Conforme a coordenadora do Núcleo de Hemoterapia do HR, assim que coletava, a bolsa de sangue é destinada para o setor de fracionamento. Por lá, ela é separada pelos hemocomponentes, ou seja, divide-se em concentrados de hemácias, plasma e plaquetas.

Após fracionada, a bolsa aguarda a sorologia coletada também durante a doação e, assim que aprovada, é destinada aos estoques separados por tipos sanguíneos para disponibilidade do paciente.

O uso de hemocomponente é comum em diversas situações no ambiente hospitalar, segundo Elaine Negri, coordenadora do Banco de Sangue da Santa Casa. Inclui-se procedimentos cirúrgicos, traumatismos e lesões graves, especialmente os que envolvem perda significativa de sangue.

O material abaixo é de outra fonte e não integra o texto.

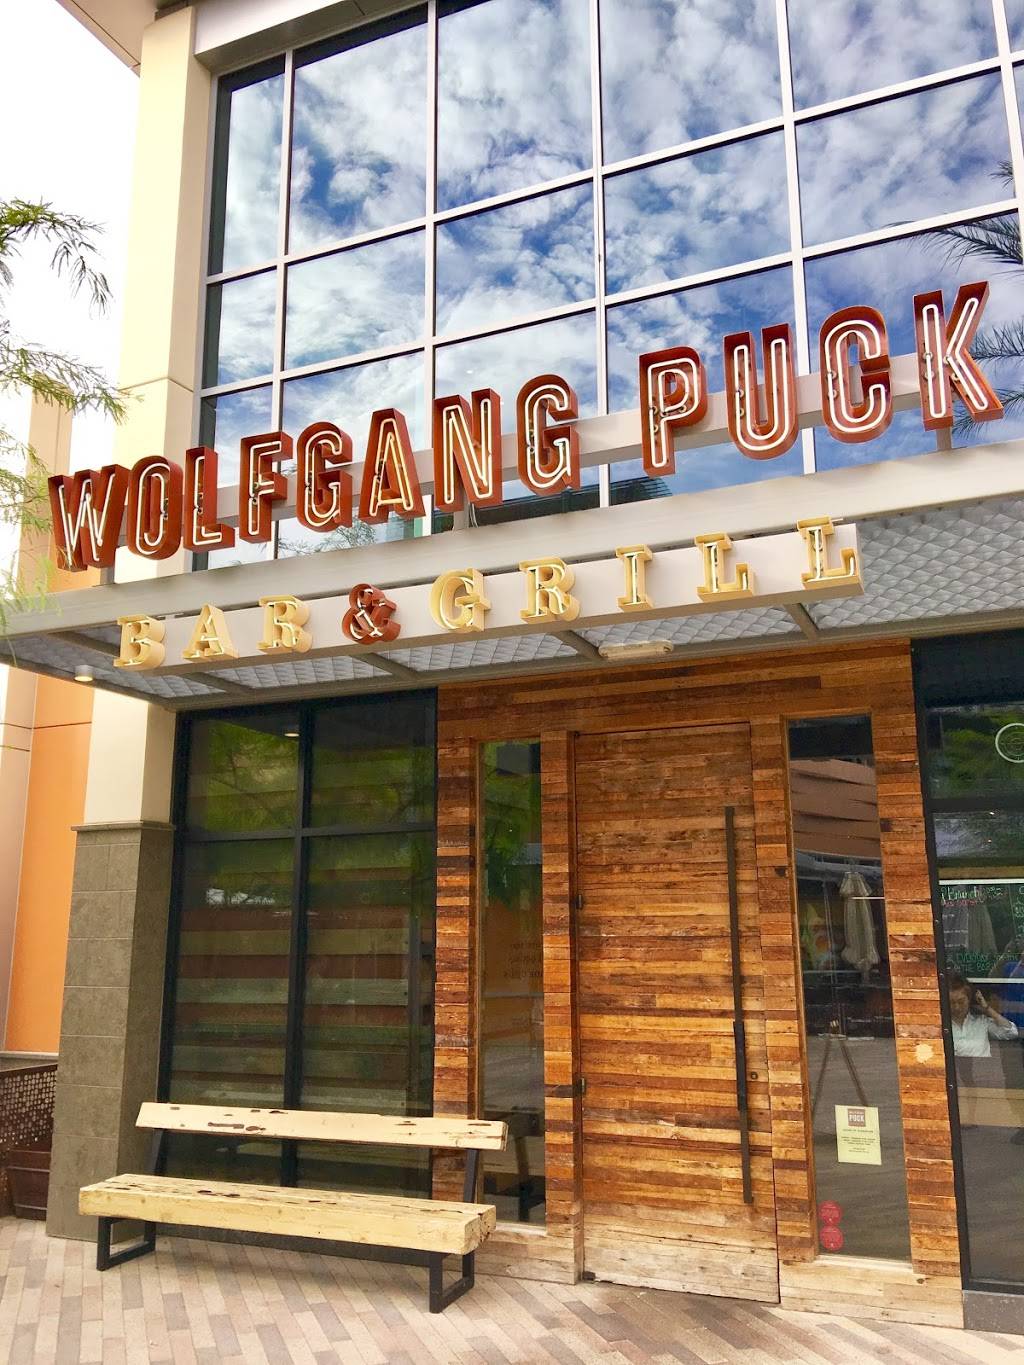 Wolfgang Puck Bar & Grill | restaurant | 10955 Oval Park Dr, Las Vegas, NV 89135, USA | 7022026300 OR +1 702-202-6300

Por outro lado, há diversas doenças e condições médicas que requerem transfusões sanguíneas regulares e sob demanda. “A decisão final é tomada pelo médico responsável pelo cuidado do paciente”, informou Elaine.

Doadores constantes

A frequência máxima é de quatro doações de sangue anuais para homens, respeitando o intervalo mínimo de dois meses entre uma doação e outra. Já para mulheres, a regularidade é de três doações anuais, em três meses de intervalo.

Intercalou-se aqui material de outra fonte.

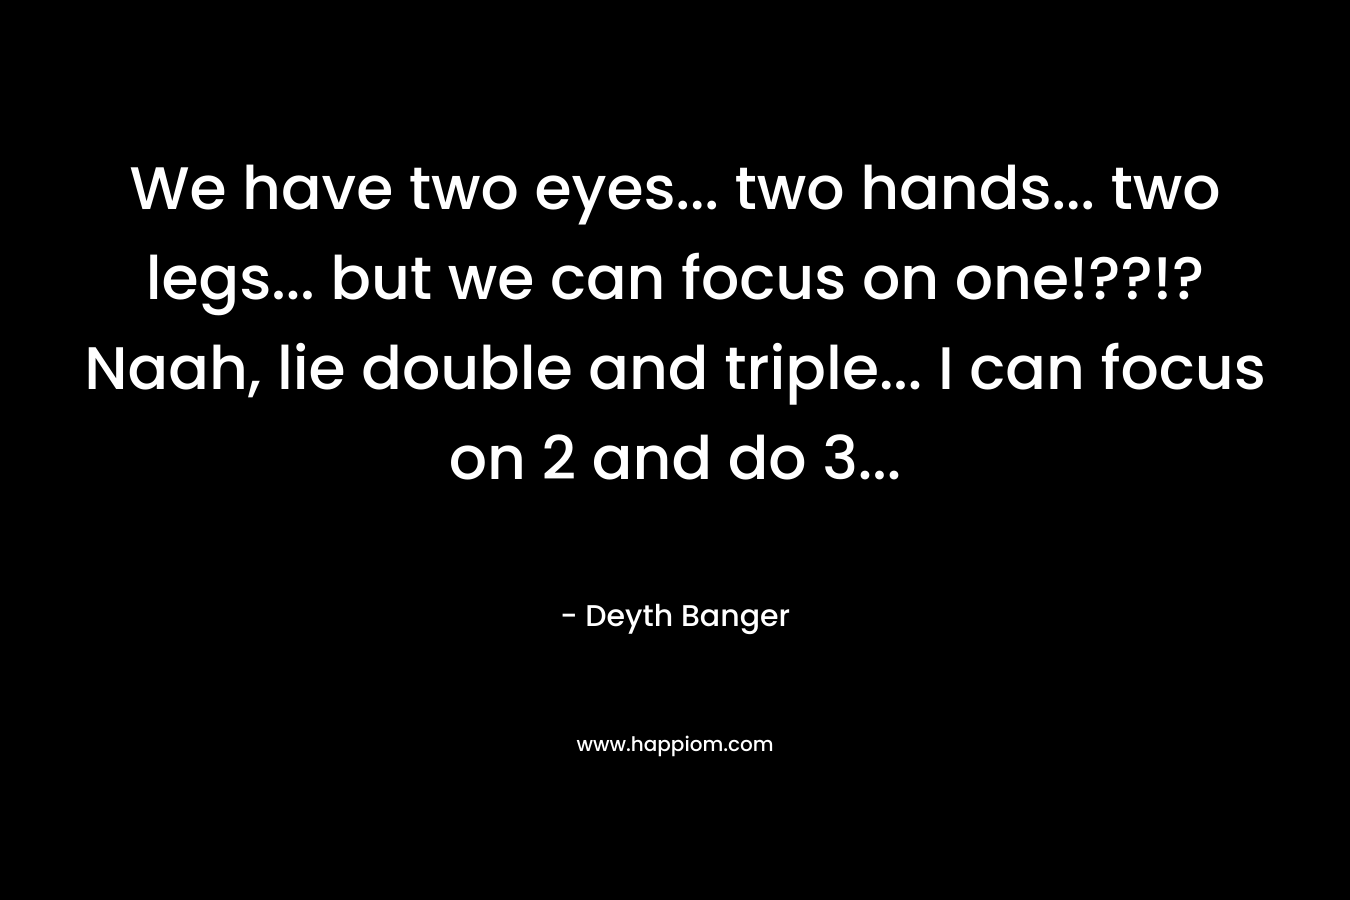 We have two eyes... two hands... two legs... but we can focus on one!??!?Naah, lie double and triple... I can focus on 2 and do 3...

Devido a alta demanda, os Bancos de Sangue precisam manter os estoques em dia. Porém, em caso de extrema necessidade, em que o número de bolsas é escasso e a demanda é urgente, a equipe do HR costuma ligar para os doadores recorrentes.

O auxiliar administrativo da unidade, Nicolino Rosa Júnior, está na lista de doares a ser acionado pela unidade em casos de emergência, principalmente relacionados à doação de plaquetas. Extraído do sangue, o tempo de duração das plaquetas é curto, visto que podem ser armazenadas por cinco dias.

“A única diferença é que a plaqueta demora um pouco mais [comparado a doação de sangue], de 2h a 2h30, mais ou menos, o ciclo completo”, disse Nicolino ao g1.

Ele reforça que sempre que a unidade liga, não pensa duas vezes em contribuir.

"[Doou] todos os anos, com uma média de cinco doações por ano. Pretendo sempre doar, não parar nunca. Tem muita gente precisando, o Banco de Sangue sempre está precisando e, por mais que a gente doa, sempre está precisando. Pode vir doar porque é rapidinho, não dói, é normal”, ressalta o auxiliar administrativo.

O casal Valdir Roberto Ciola Junior e Sabrina Borges da Silva também costumam contribuir sempre com os estoques de sangue do Hospital Regional. Segundo eles, ajudar a salvar vidas através da doação é gratificante.

“A gente viu que estava precisando de doação e como nós já somos doadores, decidimos vir novamente, já tinha passado o tempo e decidimos aproveitar o dia para vir doar. Nós estamos aqui hoje como doadores, mas a gente algum dia pode precisar também”, disse Sabrina.

Os moradores de Rosana contam que, mesmo com a distância de aproximadamente 2h de viagem até Presidente Prudente, eles fazem questão de estar presente na cidade conforme o tempo de intervalo estipulado.

“Estamos aqui firmes, daqui três meses de novo. É muito bom, quem puder vem porque não dói, é rápido”, disse Valdir ao g1.

Serviço

Os Bancos de Sangue da Santa Casa de Misericórdia de Presidente Prudente (SP) e do Hospital Regional funcionam de segunda-feira a sábado.

Veja os horários de funcionamento nas unidades:

Hospital Regional (inclusive nos feriados)

De segunda à sábado, das 7h às 17h;

Santa Casa (exceto feriados)

Segunda, terça, quinta e sexta-feiras, das 7h às 16h;

Quarta-feira, das 8h às 17h;

Sábado, das 7h às 11h.

O Banco de Sangue do HR fica na Rua José Bongiovani, nº 1.297, na Vila Liberdade, em Presidente Prudente.

Já o Banco de Sangue da Santa Casa de Presidente Prudente fica na Rua Wenceslau Brás, nº 5, na Vila Euclides.